Nos défenses sont la façon dont nous gérons la tension entre des objectifs contradictoires et filtrons les choses de notre pleine conscience. Le système défensif essaie d’apporter l’harmonie aux divers autres systèmes d’adaptation mais le fait parfois à des coûts importants. Deux moyens de défense très courants sont la répression et la rationalisation . La répression se produit lorsque le matériel est bloqué par reconnaissance consciente de soi. La rationalisation, c’est quand nous inventons des raisons qui cachent nos vrais besoins ou sentiments. La recherche sur la dissonance cognitive offre quelques exemples convaincants, et je recommande le livre, Les erreurs ont été faites mais pas par moi, pour une excellente analyse des processus de défense de l’ego via la rationalisation et comment ces processus conduisent à des schémas inadaptés.
Enfin, nos croyances verbales sont mises en réseau dans des systèmes de justification qui nous fournissent des théories sur nous-mêmes dans le monde. La psychothérapie cognitive s’est répandue parce qu’elle a aidé les individus à réaliser que les racines de beaucoup de souffrance étaient des interprétations ou des croyances inadaptées sur la façon dont le monde devait être. Par exemple, de nombreuses personnes ont des croyances fondamentales selon lesquelles elles sont inefficaces ou peu aimables et, dans les périodes vulnérables, interprètent les revers comme confirmant ces croyances.
D’autres ont des croyances rigides ou extrêmes sur la façon dont le monde doit être pour fonctionner (la conviction que tout le monde doit les aimer ou qu’ils doivent être parfaits en tout temps). D’autres font des interprétations catastrophiques d’événements mineurs. Le problème est que ces croyances légitiment des actions, des états de sentiments ou des perceptions de soi ou des autres qui conduisent à une multitude de schémas inadaptés. La psychothérapie cognitive est efficace car elle enseigne aux gens à attraper, à vérifier et à transformer les croyances inadaptées en récits plus adaptatifs.

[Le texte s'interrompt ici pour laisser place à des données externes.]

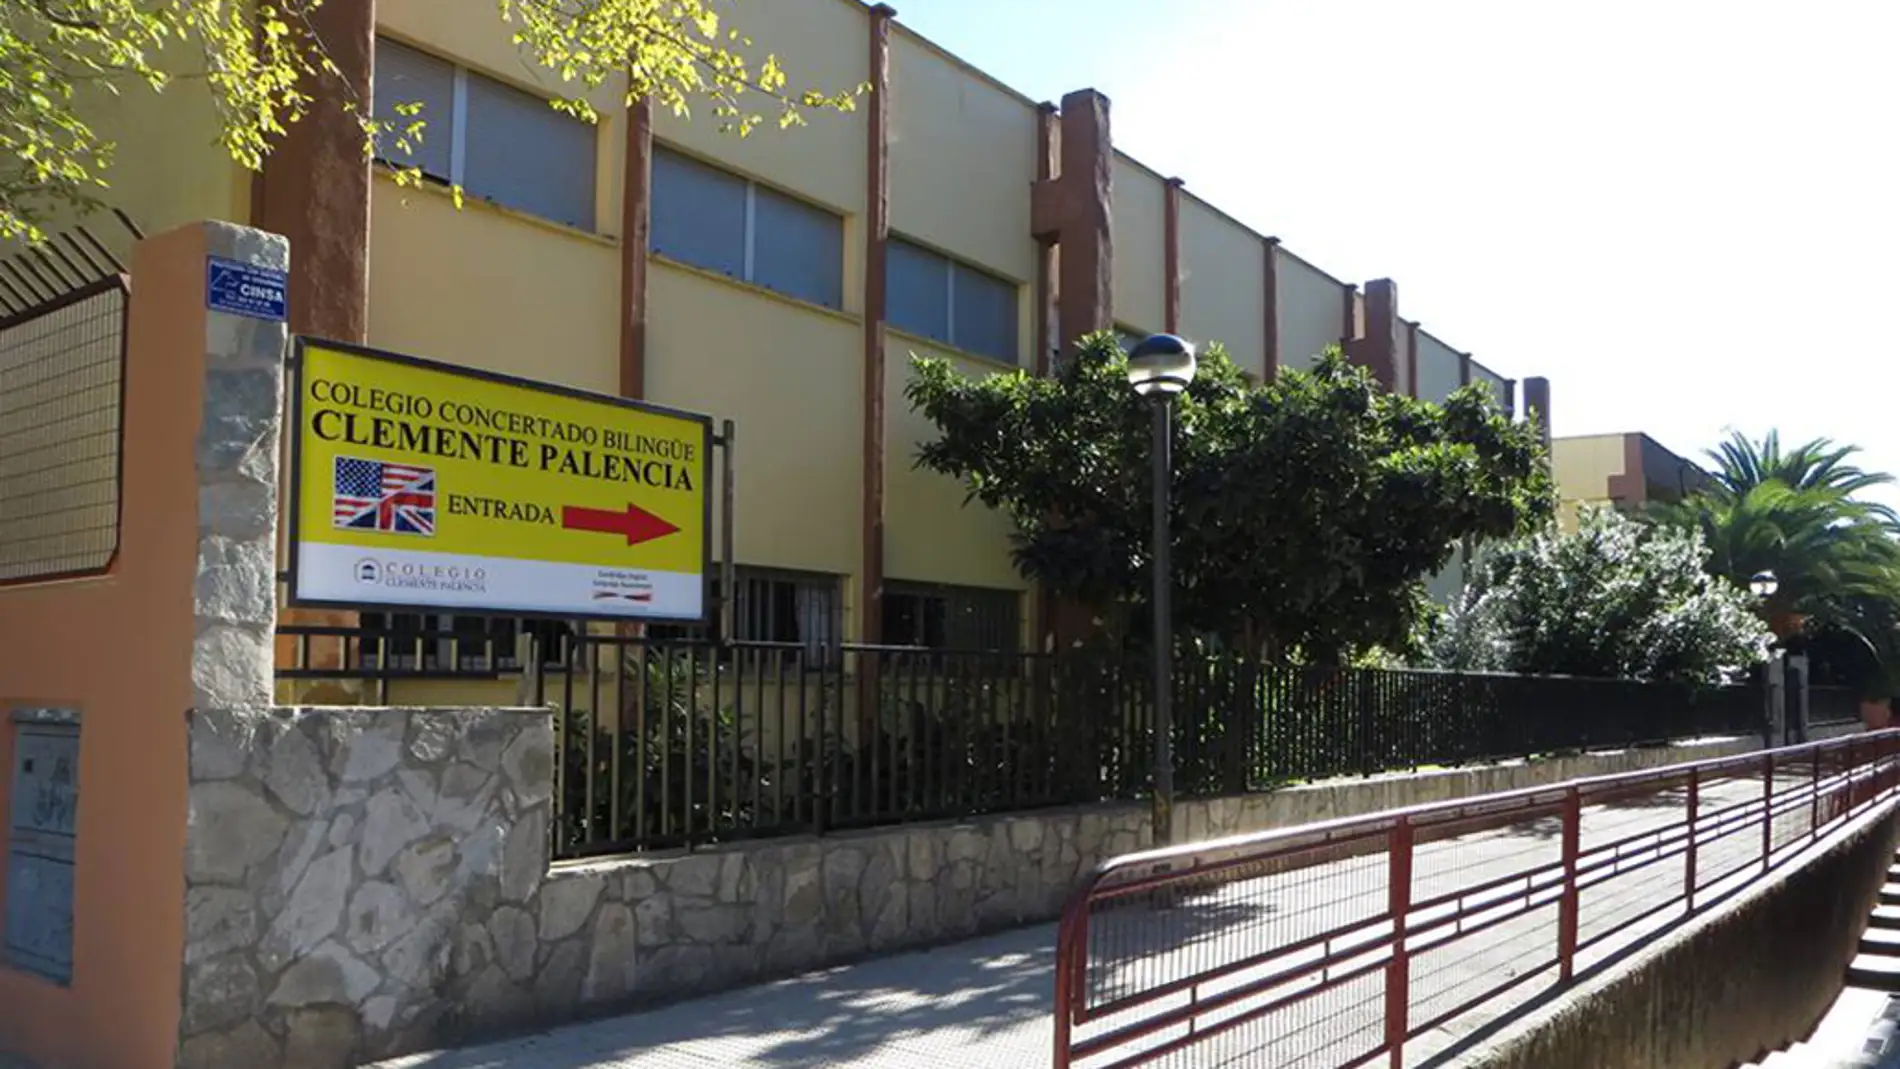 El colegio talaverano Clemente Palencia se prepara para acoger nuevos alumnos

Indépendamment du fait que nous ayons un niveau élevé ou faible de névrose de caractère, il est inévitable au cours de notre développement que nous développions au moins certaines réactions névrotiques pour faire face à nos insécurités. Par exemple, je me ronge les ongles lorsque je suis stressé, ou je rationalise mes échecs pour protéger mon sentiment de fierté. Réfléchissez aux situations qui vous rendent insécurisé, puis examinez vos habitudes, vos sentiments, vos processus relationnels, vos défenses et vos justifications et réfléchissez à l’endroit où les schémas névrotiques peuvent résider en vous.
Et, si vous vous sentez suffisamment ouvert et sûr, demandez à quelqu’un en qui vous avez confiance quand et comment il pense que vous êtes névrosé. Après tout, la nature même des processus névrotiques est telle que nous allons très probablement les ignorer.